3. On 713-14 (“The aesthetic critic, then, regards…”), Pater explains that aesthetic critics will regard the objects of their study as “powers or forces producing pleasurable sensations” (713) within them. Once these sensations have been received, what do these critics then do with them—what is Pater’s “to do” list for critics in this regard, and how can they know when their “end [i.e., objective] is reached” (714) and the process of discernment and evaluation is complete? Finally, consider Pater’s rhetorical choices in the passage under examination: how do phrases such as “to distinguish, analyse, and separate”; “as a chemist notes some natural element”; and so forth modify what would otherwise be a straightforwardly subjectivist description of the critic’s engagement with works of art? Instead, what is the special quality—or “virtue,” as Pater would ask—of the critical approach that Pater himself is promoting? How is his “impressionism” grounded in a different concept of subjectivity than one finds in Romantic expressivist theory?
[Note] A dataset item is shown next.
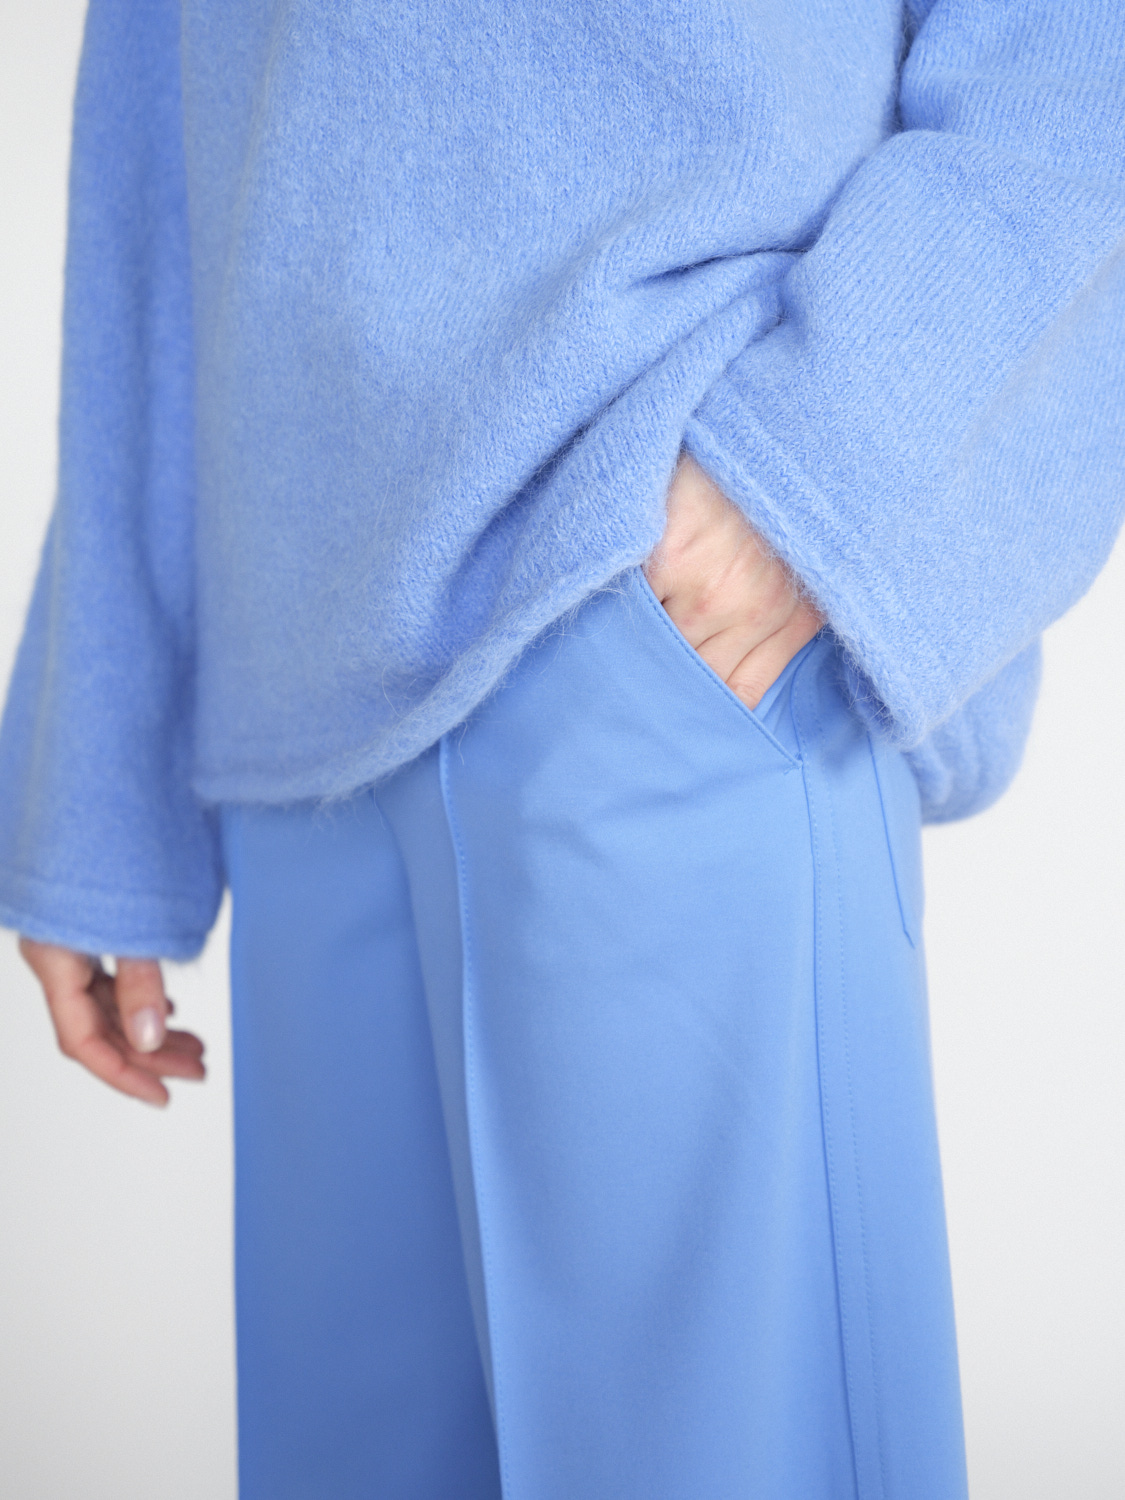 Dorothee Schumacher Cozy Comfort - Maglia oversize in misto alpaca  blu M

4. On 714-15 (“Often it will require great nicety…”), Pater offers some thoughts on William Wordsworth’s poetry to illustrate the aim of aesthetic critics when they engage with works of art. What, then, is “the virtue, the active principle in Wordsworth’s poetry” (715), and what is the aesthetic critic’s responsibility towards this quality in the great poet’s work? If you are familiar with Wordsworth’s poetry, does Pater’s description of its virtue match your own understanding of what makes that poet’s work unique? To what extent does your view differ from Pater’s, if it does? If you don’t know enough of Wordsworth’s poetry to make such a judgment, try to isolate and convey the “virtue” or “active principle” of some other poet or literary artist’s work.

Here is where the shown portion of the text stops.